Sur le volet communautaire, l’enseignement n’est pas en reste. Le duo a acté la fin des nominations pour les nouveaux profs : place aux CDI, comme dans toute autre entreprise, “avec l’activation d’un second pilier des pensions”, ont précisé les deux formateurs. L’autre révolution est la fusion des réseaux officiels et le renforcement financier de l’enseignement libre. “1 enfant = 1 enfant”, a insisté Maxime Prévot. Pour le supérieur, le duo n’a pas encore fait de choix et se laisse trois options : le retour complet au décret Glatigny, un décret paysage amendé, voire un retour pré-paysage.
Sur le plan économique, les intentions sont louables, avec une mesure appelée depuis des lustres par les entreprises : une simplification administrative dans l’obtention de permis. On se dirige également vers une digitalisation des procédures, mais prudence, celle-ci est annoncée depuis des lustres. La nouvelle majorité de centre-droit fait par contre table rase du plan de relance qui sera complètement remodelé. MR et Engagés, plus globalement, veulent en finir avec le saupoudrage wallon.
Au niveau fiscal, Georges-Louis Bouchez a promis qu’aucun nouvel impôt ne serait levé. La vignette automobile, qu’il appelle de ses vœux pour faire payer les navetteurs étrangers, n’impactera pas, promet-il, l’assiette fiscale du Wallon. Il reste à voir comment réagiront la Flandre et Bruxelles. Mais le duo a surtout annoncé la plus grande baisse d’impôt jamais vue en Wallonie : 1,5 milliard d’euros, qui proviennent surtout de la baisse des droits d’enregistrement à 3%, comme en Flandre, pour les primo-accédants, et de la réduction de 50% de toutes les tranches des droits de succession.
Forcément, un tel cadeau fiscal devra se payer. Et il faut le dire, c’est ici le plus grand point d’interrogation de cette DPR et DPC : les finances publiques. L’objectif est lisible, il s’agit de réduire le déficit sur 10 ans en sabrant dans les dépenses publiques. La réalisation est beaucoup plus nébuleuse. Et pour cause, le MR et les Engagés n’ont proposé aucun tableau budgétaire. Il s’agit là de leur plus grand défi et ils seront attendus au tournant : montrer que “rationaliser” et “restructurer” la Wallonie ne sont pas que des mots. Car Maxime Prévot et Georges-Louis Bouchez l’ont promis : il ne s’agira pas d’austérité.
En attendant, les présidents du MR et des Engagés ont certainement réussi leur rentrée. Les promesses de campagne et la volonté de changement se traduisent dans leur programme de gouvernement.

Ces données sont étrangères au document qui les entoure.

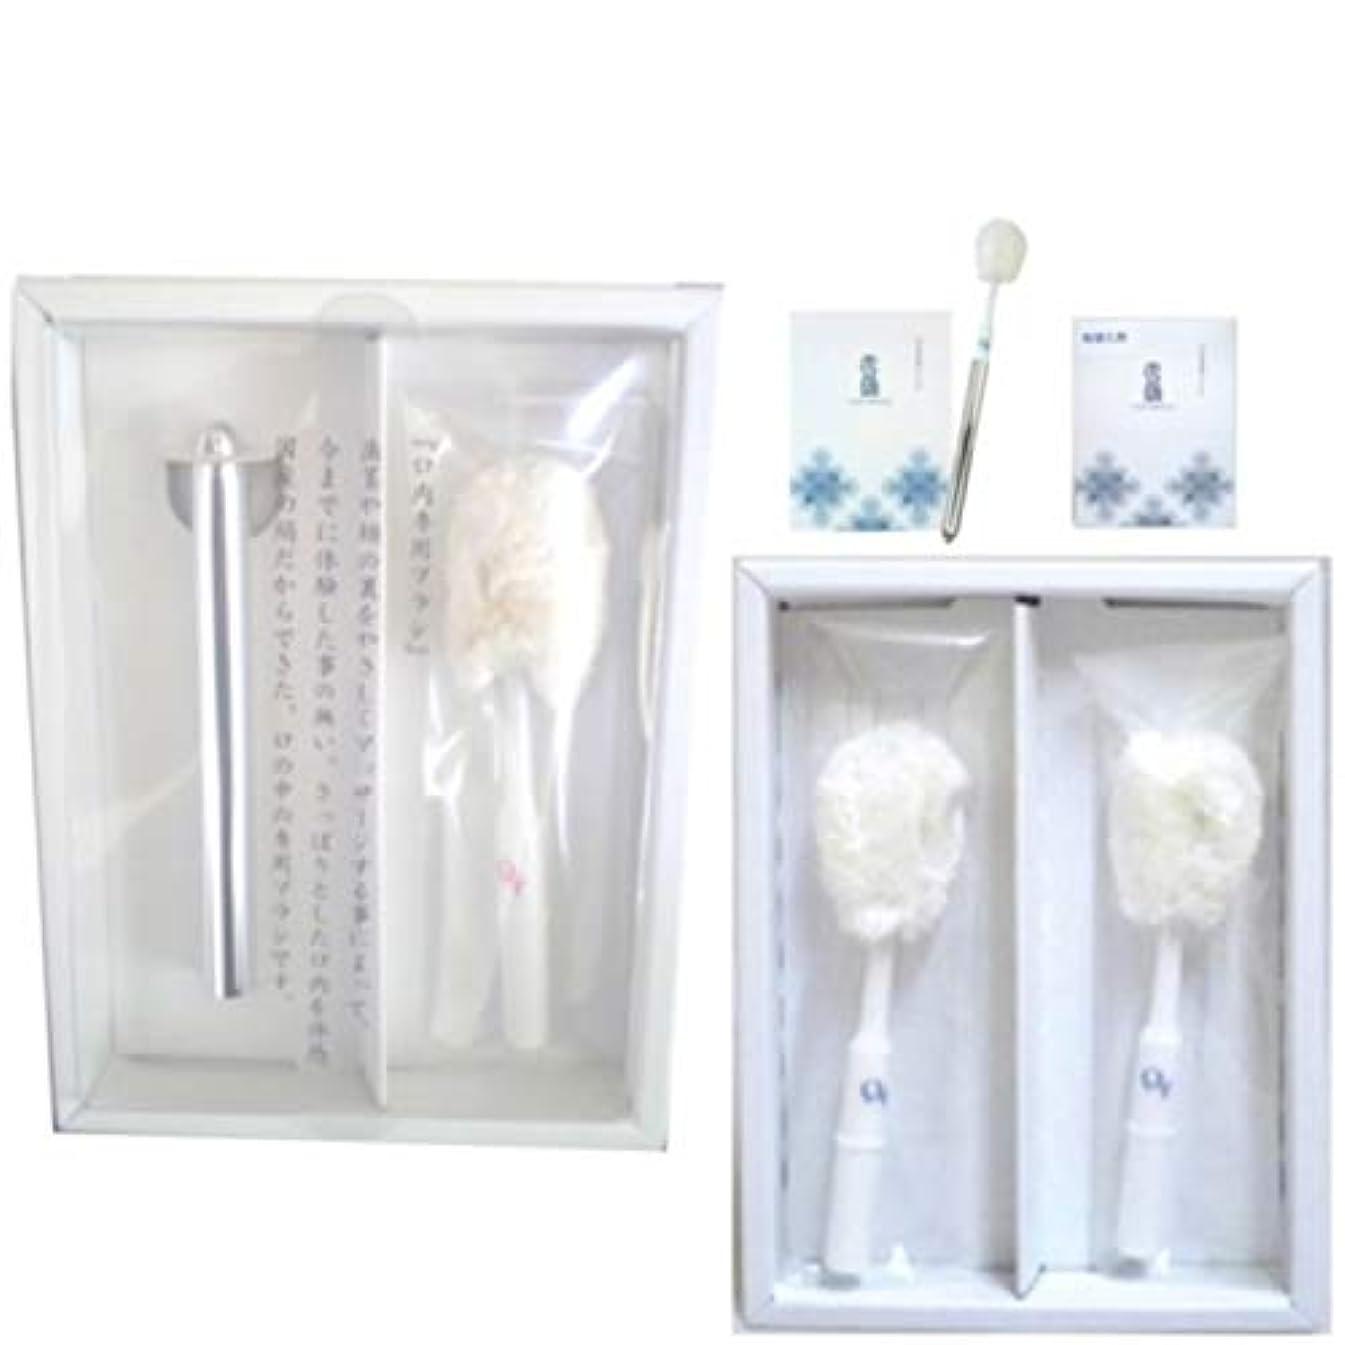 困惑傑作蓄積する雪繭 口内専用ブラシ(本体セット)&専用レフィル(2本入) セット

Il reste à voir si cela se fera aussi dans la réalité. Ce quasi sans faute souffre toutefois d’un manquement évident : la relégation complète du chapitre dédié à l’environnement, annoncé à la va-vite, et très peu consistant. C’est une erreur, sur le fond et la forme : cela donne des munitions gratuites à l’opposition.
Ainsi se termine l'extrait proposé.